Discussion P vs E cores in Raptor lake CPUs - determining optimal number of cores

Kocicak

Golden Member
Jan 17, 2019
1,167
1,223
136
Following the discussion of how many P and E cores should be in the CPU, I measured performance of these cores in Intel 13700K CPU at 3400 MHz using Cinebench R23 maximal load as a workload, here are the results. I also estimated from a die shot, that E core has 1/4 of a area of a P core.

13700K PE core calcul.png

You can see, that E core has roughly half of the performance of a P core at 4 times less area. The conclusion from this is, that for increasing performance you keep adding E cores.

Unfortunatelly the E core is less efficient than the P core, and thus adding E cores increases power draw and decreases efficiency.

You can see in the table above, that if we substituted all E cores in a 8 +16 CPU by 4 P cores, we would lose 30% performance.

You can see performance, power draw and efficiency of all P and E core combinations below, available area is for 16 P cores:

core combinations.png

So you have a decision problem now. For
  • Available area and physically possible core combinations
  • Particular workload
  • Combination of P and E core frequencies
you need to find optimal combination of cores with possible decision making scenarios:
  1. Reach maximal performance within possible power draw and not care about efficiency at all.
  2. Reach maximal performance within possible power draw and still maintain some minimal efficiency requirement.
  3. Reach maximal efficiency while still maintaining required performance.
In this example, we get three core count combinations, some of them may not be physically possible on the silicone:

Core count optimum2.png


And all this is valid for ONE WORKLOAD and ONE COMBINATION of P and E core frequencies.

I do not think that it is possible to easily say that they should have swapped this many P for E cores or vice versa. There are too many variables at play.

But it should be obvious that E cores are very useful.
 
Last edited:

coercitiv

Diamond Member
Jan 24, 2014
6,800
14,873
136
Your approach reminds me of an old joke.

An engineer decides to analyze a grasshopper: he claps his hands and observes the grasshopper jumps away from him. He then removes one pair of legs from the insect, claps his hands again to see the grasshopper jump a shorter distance. He proceeds to remove another pair of legs, and this time the grasshopper no longer jumps.

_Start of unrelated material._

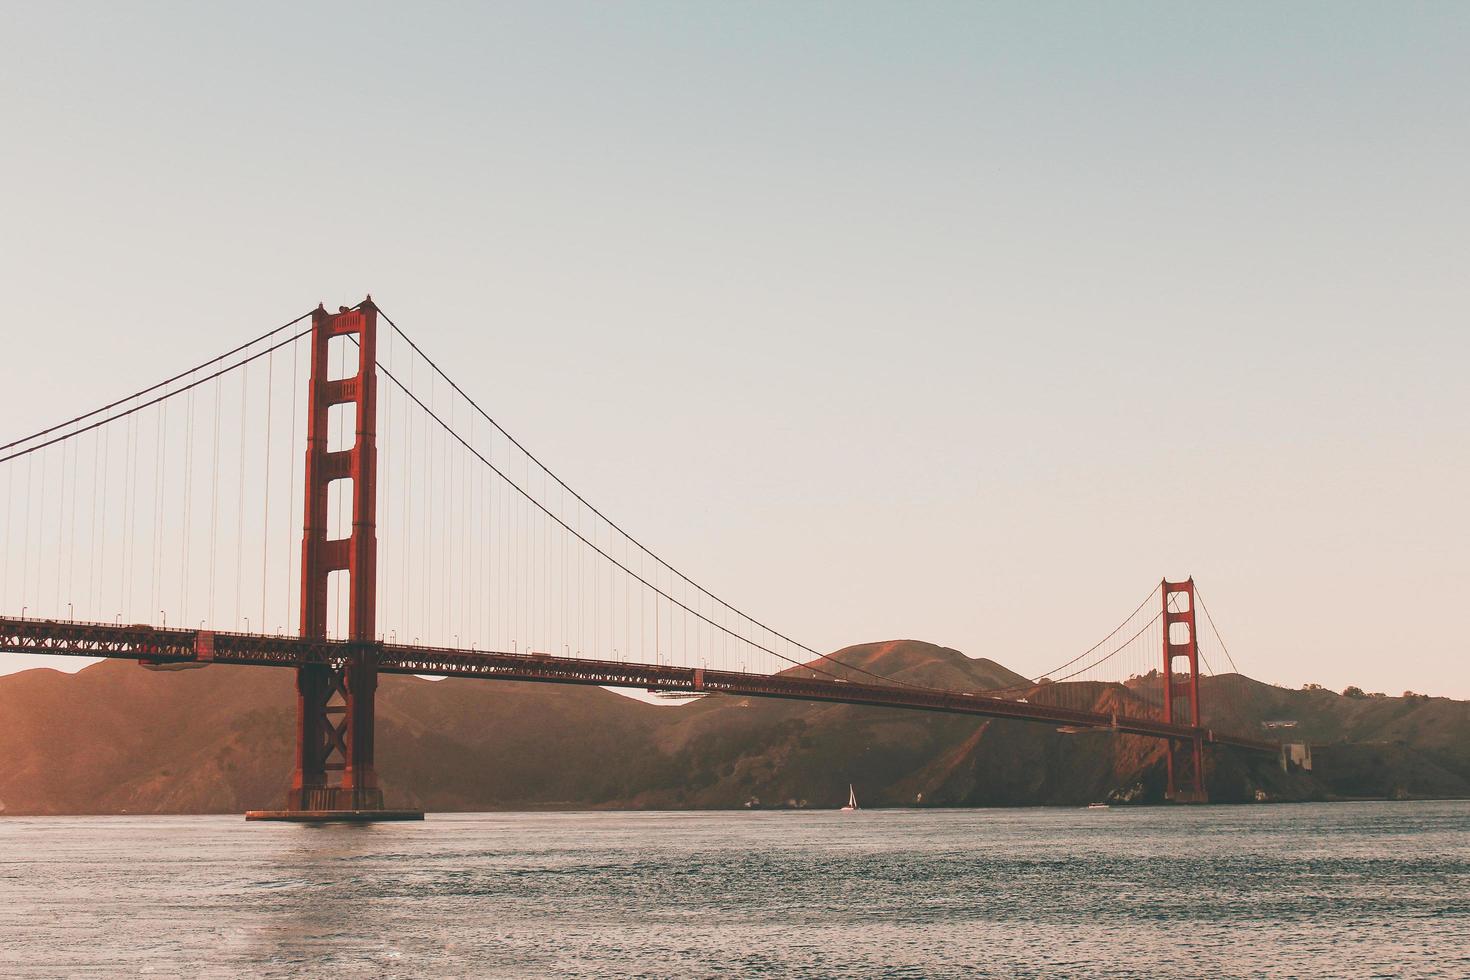 Golden Gate Bridge at sunset photo

Conclusion: grasshoppers go progressively deaf without their legs.

What you did in this OP was evaluate E core scaling with a method that is readily available but of unknown relevance. Just like the engineer in my little story, you showed little interest in the mechanics of the system under observation, and proceeded to test from a convenient angle. In the end you concluded the E cores are "obviously very useful" even though there was no honest attempt to understand the computing needs of the consumer. You simply gave them more pairs of legs and concluded their hearing should improve.

Consumer workloads are notoriously NOT embarrassingly parallel. They scale very well with ST performance and then core count tends to be seen as a threshold, past which gains encounter big diminishing returns. This sabotages the E core approach as increasing thread count for the sake of area efficiency can rapidly tank scaling. Intel is making a bet that future software will adapt and accommodate this massive increase in threads, some of us beg to differ. For us the hybrid approach looks more like a solution in search of a problem, one that conveniently solves Intel's monolithic approach drawbacks on the consumer side.

IIRC you recently bought a 13900K, could you share with us how the 16E cores are helping you scale performance in your daily workloads? What kind of "consumer" software are you running that is able to efficiently drive more than 8 cores?
 

Kocicak

Golden Member
Jan 17, 2019
1,167
1,223
136
I have been thinking about it during a walk, and here are my other thoughts:

At the same frequency, E core has a large advantage in performance per area over P core, and very slight disadvantage in performance per watt.

Today P cores are clocked higher than E cores to provide as high absolute 1 thread performance as possible. It is very well possible that due to being forced to work at higher frequency, P core loses its small advantage in performance per watt and E core is better than it in BOTH PERFORMANCE PER AREA AND PERFORMANCE PER WATT.

The need and number of P cores would then be determined only by the type of workload by how many threads it needs and how the computation is organised on the threads.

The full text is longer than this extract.